I giorni erano passati, e una settimana esatta dopo l'incontro con il suo dottore Taehyung era rinchiuso nel suo laboratorio con le mani piene di pittura scura. Non riusciva neanche a dipingere, erano ore e ore che la sua assistente cercava di farlo uscire da lì, ma Taehyung era triste e deluso da se stesso. Voleva solo lanciare per aria tutti gli attrezzi e rompere ogni quadro che aveva fatto in quegli anni di lavoro. Si sentiva una nullità, ma quel giorno c'era qualcosa di diverso nella sua mente. "Perché continuare a soffrire?" Si chiedeva mentre le lacrime bagnavano la tela che aveva tra le gambe. "Perché non sono come gli altri?" I suoi pensieri si fecero sempre più dolorosi e Taehyung si prese la testa tra le mani urlando. Voleva smettere di stare male, voleva smettere di essere com'era, voleva dormire e non svegliarsi più.

Si alzò di corsa e sotto lo sguardo preoccupato di Yuna, scappò via da l'unico posto in cui si sentiva, o meglio, si era sempre sentito, sicuro.
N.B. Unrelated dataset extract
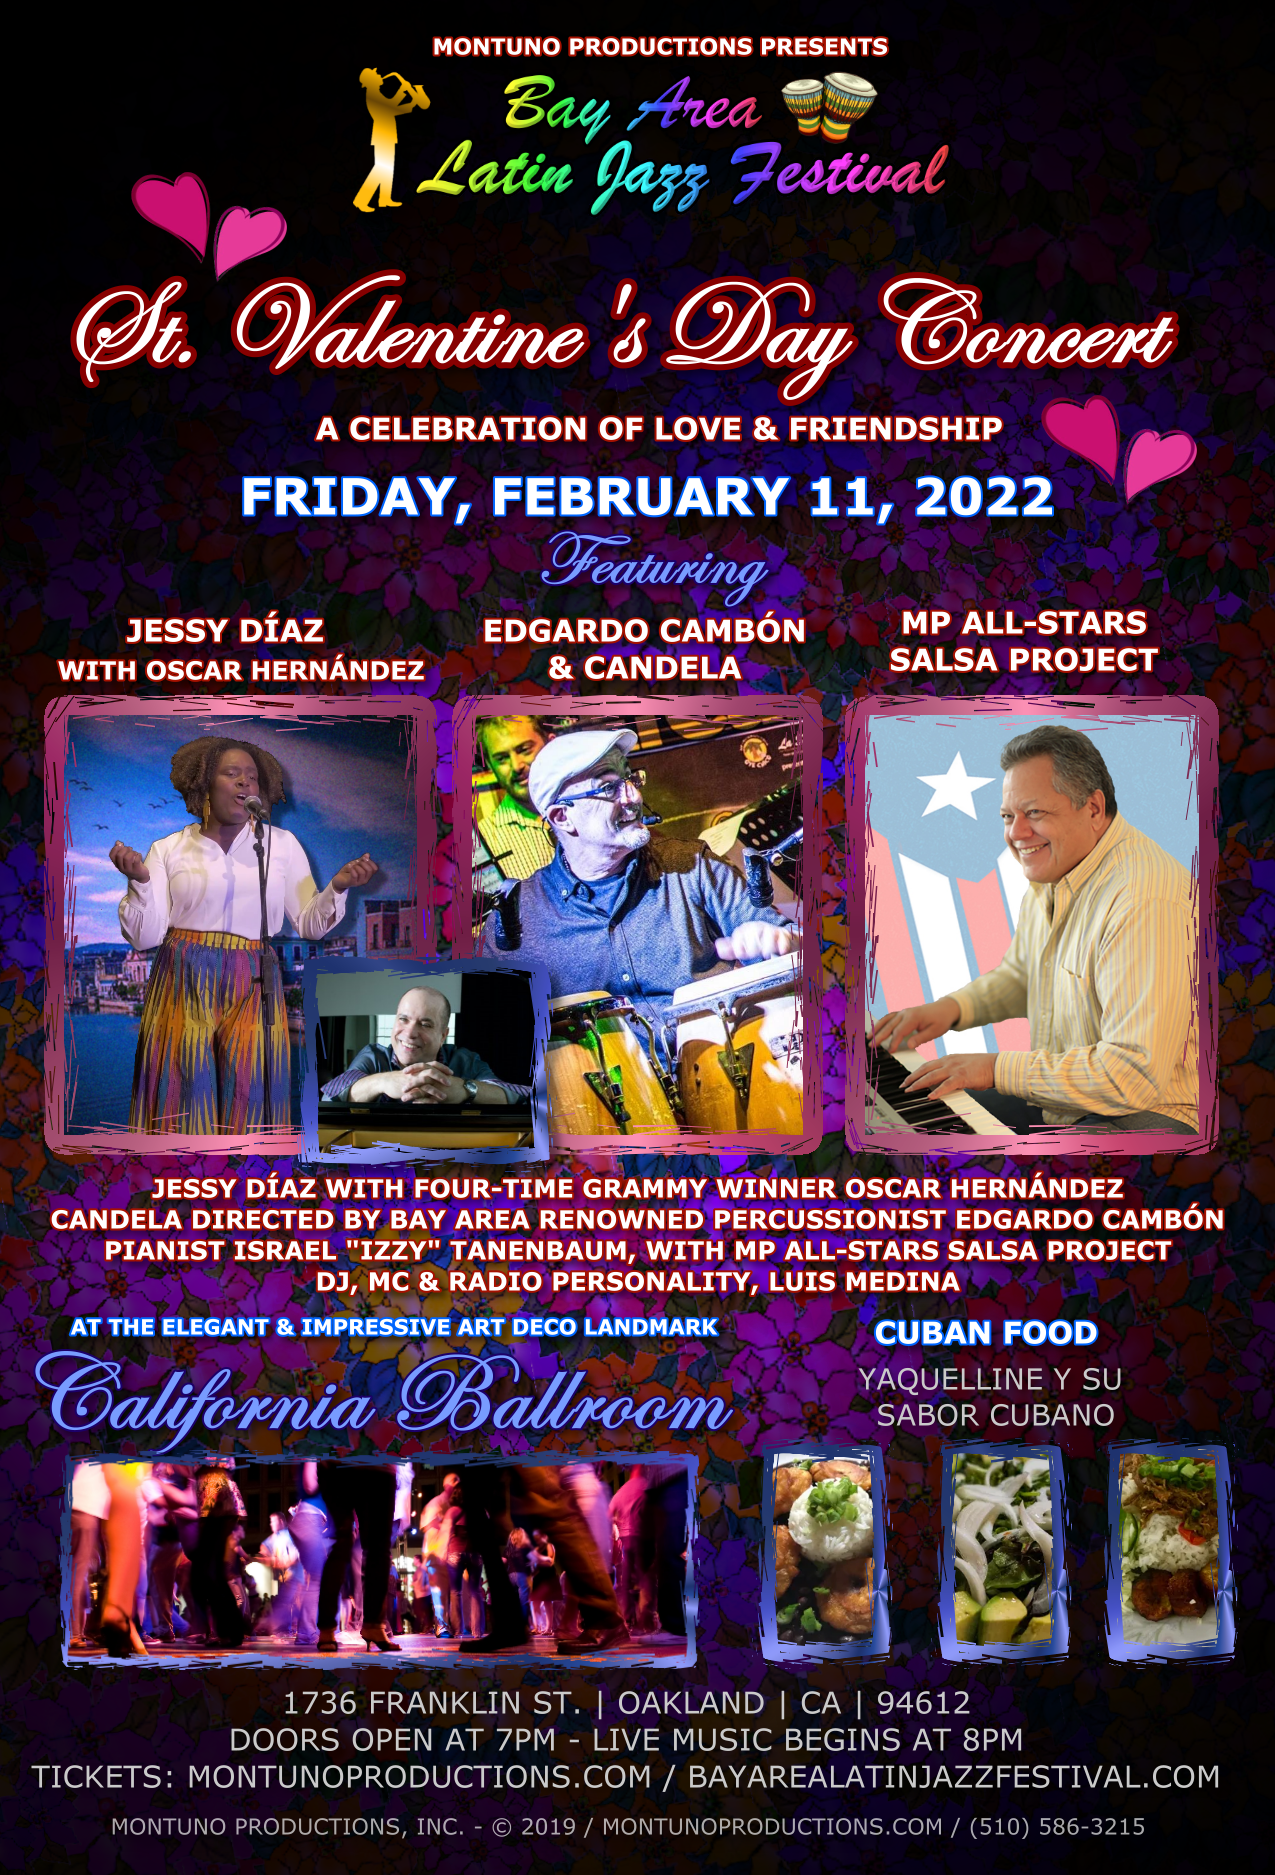 2nd Annual St. Valentine's Day Concert at the California Ballroom

Jungkook in quella settimana aveva imparato un sacco di cose nuove. Ormai era abbastanza bravo a cucinare, a pulire la casa e a socializzare con la gente. Un giorno aveva passato ore e ore tra le strade di Daegu a conversare con gli estranei. Era stato divertente e qualche ragazza gli aveva lasciato pure il numero di telefono. Qualche giorno più tardi aveva rinointrato Yoongi sulla panchina di quel piccolo parco, avevano parlato parecchio e la sera stessa era uscito con lui e con altri tre suoi amici. Si era divertito ma poi i pensieri erano passati al pittore. Non si stava dimenticando della sua missione, ma aveva bisogno di staccare e, magari, imparare qualche approccio diverso.

Aveva parlato con Yoongi del pittore e il ragazzo tatuato gli aveva consigliato di portarlo a fare un giro con loro, Yoongi sembrava interessato a conoscere Taehyung e nella testa di Jungkook si era accesa una lampadina."Puoi provarci con lui? Magari ti piace e ti innamori." Se n'era uscito con quella frase tanto buffa e stramba, che aveva causato in Yoongi una grassa risata. "Ma ti sei drogato?" Jungkook quella risposta non l'aveva capita, ma sapeva tanto di insulto, così aveva passato la serata a raccontare qualsiasi dettaglio di Taehyung a Yoongi e, dopo più di un'ora, il ragazzo pieno di tatuaggi aveva ceduto.

Jungkook aveva concordato con Yoongi di vedersi quella sera. Lui avrebbe portato Taehyung a quel parchetto e poi Yoongi sarebbe arrivato. Era un piano perfetto e sperava solo che il pittore fosse al museo.